Herausforderung für die vernetzte Gesellschaft und Wirtschaft: Beim International Digital Security Forum (IDSF) in Wien wurde ein globaler Dialog zur Erhöhung der Sicherheit initiiert.

Die Corona-Pandemie legt schonungslos Schwachstellen unseres Gesellschafts- und Wirtschaftssystems offen. Das betrifft auch die Abhängigkeiten, die im Zuge der Digitalisierung entstanden sind. Digitale Infrastrukturen wie beispielsweise Social-Media-Plattformen, Videokommunikationssysteme, aber auch Behördennetzwerke und Bürgerservices, digital vernetzte Fabriken, Daten-infrastrukturen im Gesundheitswesen, die Energieversorgung und Telekommunikation, bis hin zur intelligenten Haussteuerung – all das muss zuverlässig funktionieren. Funktionieren, das heißt heute auch, resilient gegenüber böswilligen Attacken und Manipulation zu sein.

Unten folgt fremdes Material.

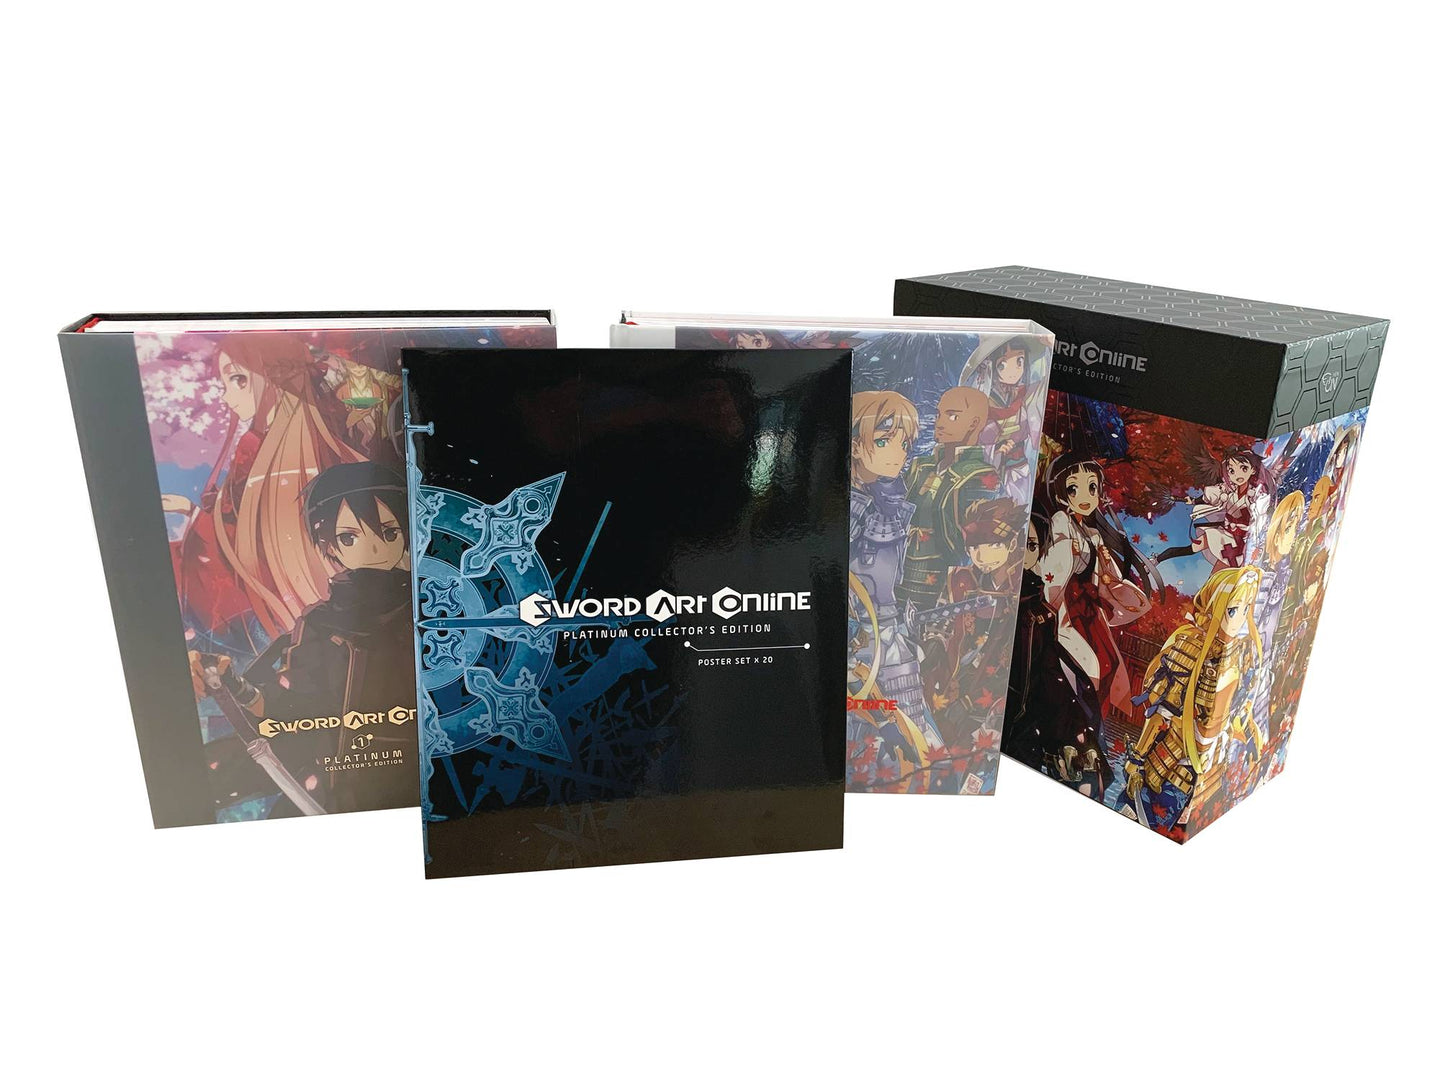 Sword Art Online Platinum Collectors Edition Hardcover Box Set contains 20 volumes
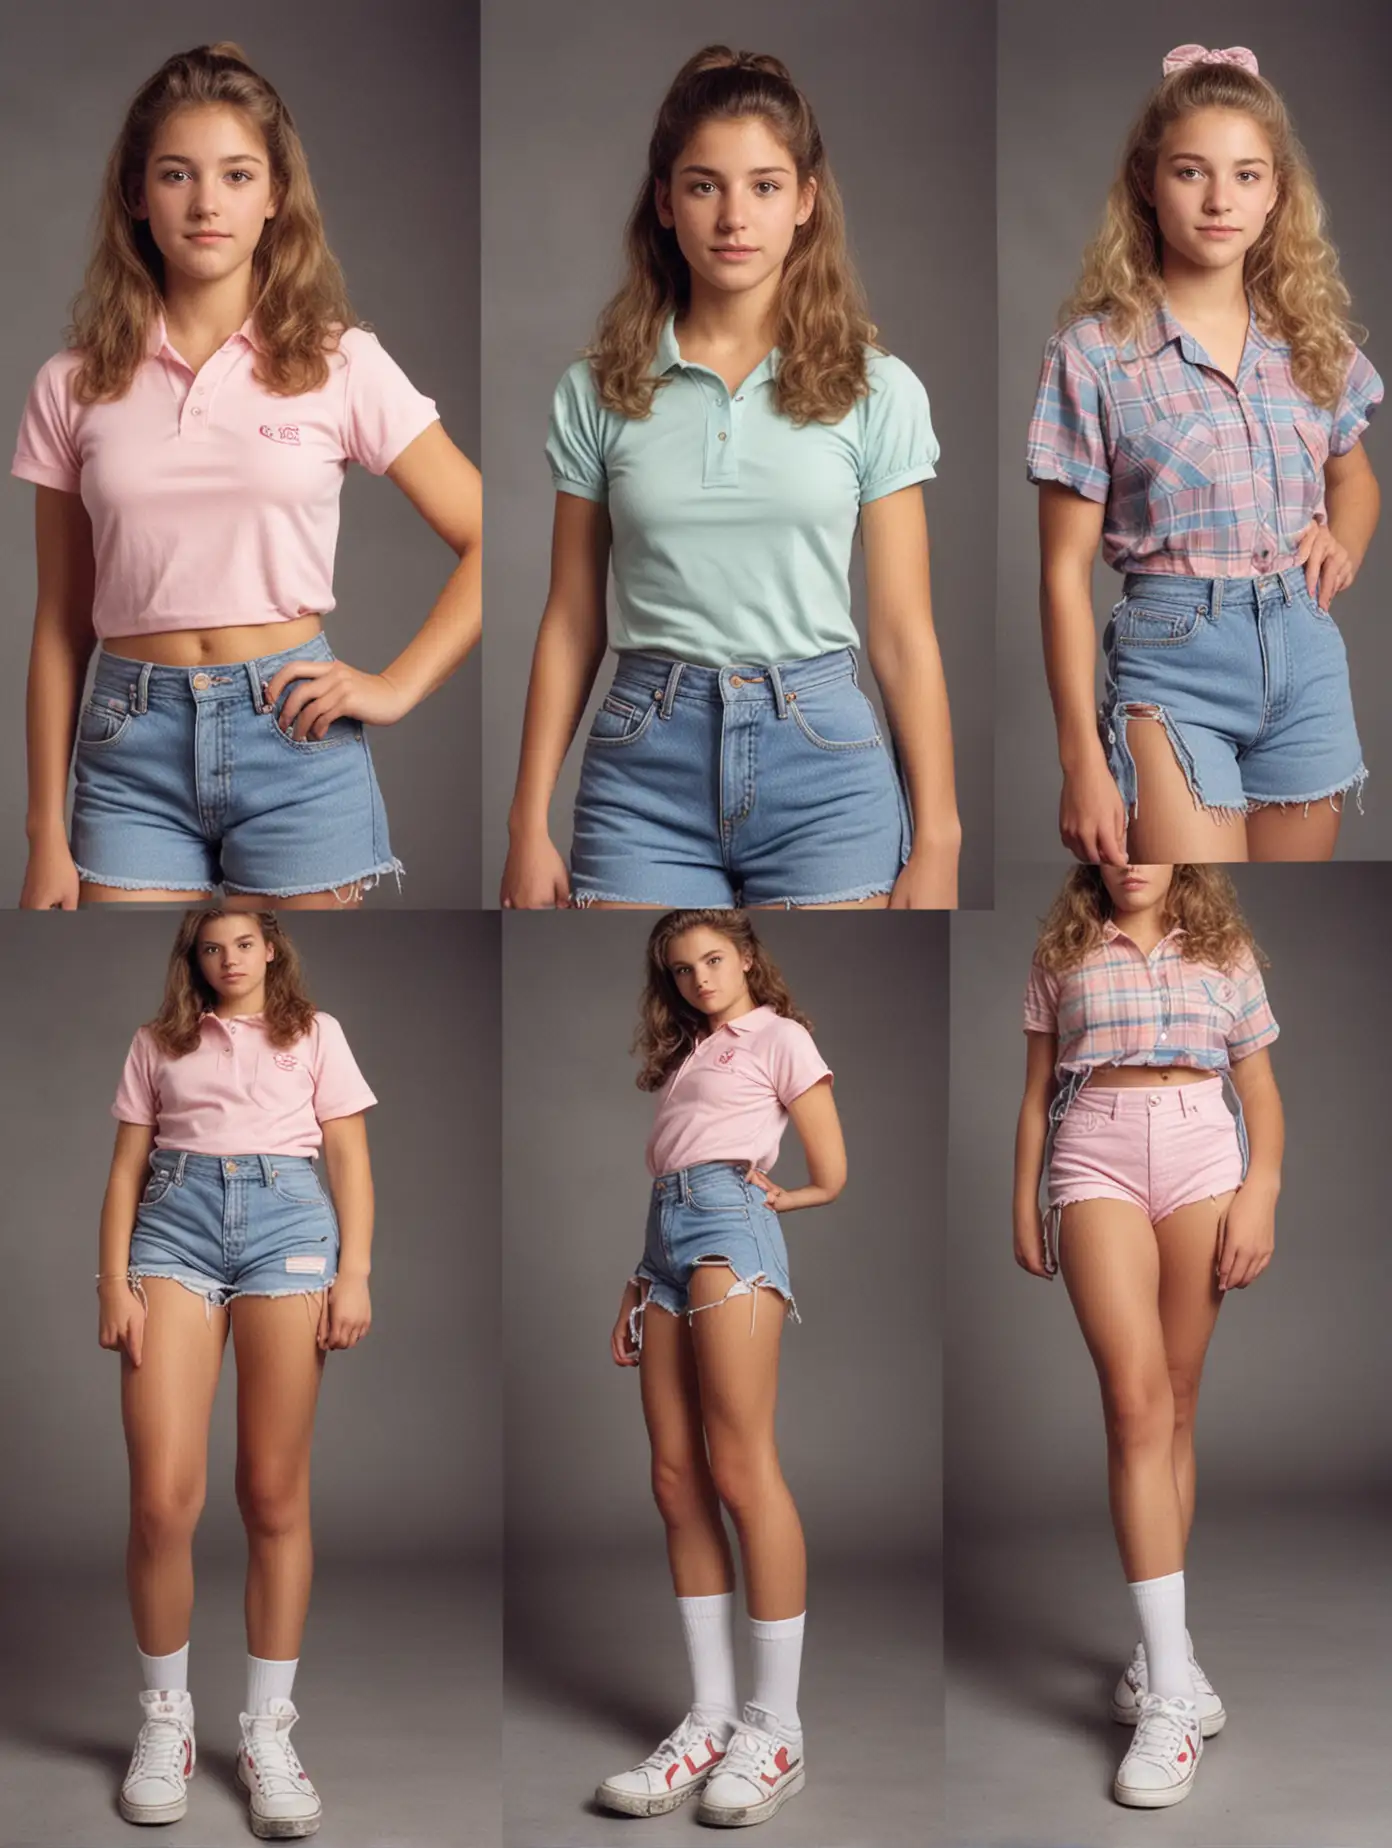 Vintage American School Girls 80s and 90s Nostalgia

»Security in times of pandemics and major global events«, war das Motto des erstmals zweitägigen »International Digital Security Forum« (IDSF). Es wurde vom AIT Austrian Institute of Technology und der Außenwirtschaft Österreich der Wirtschaftskammer im Dezember 2020 und in Zusammenarbeit mit go-international, einer gemeinsamen Initiative des Bundesministeriums für Digitalisierung und Wirtschaftsstandort, veranstaltet und fand coronabedingt als hybrides Onlineevent statt. Über den Dächern Wiens im 4. Bezirk wurden Wissenstransfer und Kooperationen zwischen Forschung, Unternehmen, Verwaltung und Politik angestoßen. Das Interesse, Partnerschaften für die Bekämpfung und Schadensminimierung von Krisen zu bilden, war groß. An der Konferenz nahmen mehr als 500 Menschen aus über 40 Staaten teil.

Prominente Unterstützer



Eröffnet wurde das IDSF von Bundeskanzler Sebastian Kurz (Bild), der die Bedeutung von sicheren Lösungen in einer zunehmend digitalen und vernetzten Welt hervorhob, sowie von Wirtschaftsministerin Margarete Schramböck und Christian Weissenburger, Leiter der Sektion Innovation und Technologie im BMK in Vertretung von Bundesministerin Leonore Gewessler. Andreas Reichhardt, Sektionschef für Telekommunikation, Sicherheits- und Verteidigungsforschung im BMLRT, präsentierte in Vertretung von Bundesministerin Elisabeth Köstinger das österreichische Sicherheitsforschungsprogramm und verwies auf die hohe erreichte Qualität und Dynamik in der österreichischen Forschungs- und Entwicklungsszene. Innenminister Karl Nehammer betonte bei der Eröffnung des zweiten Konferenztages das hohe Interesse der Politik an dem Thema: »Wir wollen die digitale Welt zu einem erfreulichen und sicheren Ort machen: Unsere Anstrengungen heute sind lebenswichtig für eine prosperierende, sichere und demokratische digitale Zukunft.«



Die hohe Relevanz der im Rahmen der IDSF diskutierten Schwerpunkte wurde durch internationale Organisationen wie der UN begrüßt. Vladimir Voronkov (Bild), Under-Secretary-General des United Nations Office of Counter Terrorism (UNOCT) in New York, hob in seiner Rede die sich entwickelnden Bedrohungsszenarien hervor, die eine starke multilaterale Zusammenarbeit erfordern, um ihnen effektiv zu begegnen.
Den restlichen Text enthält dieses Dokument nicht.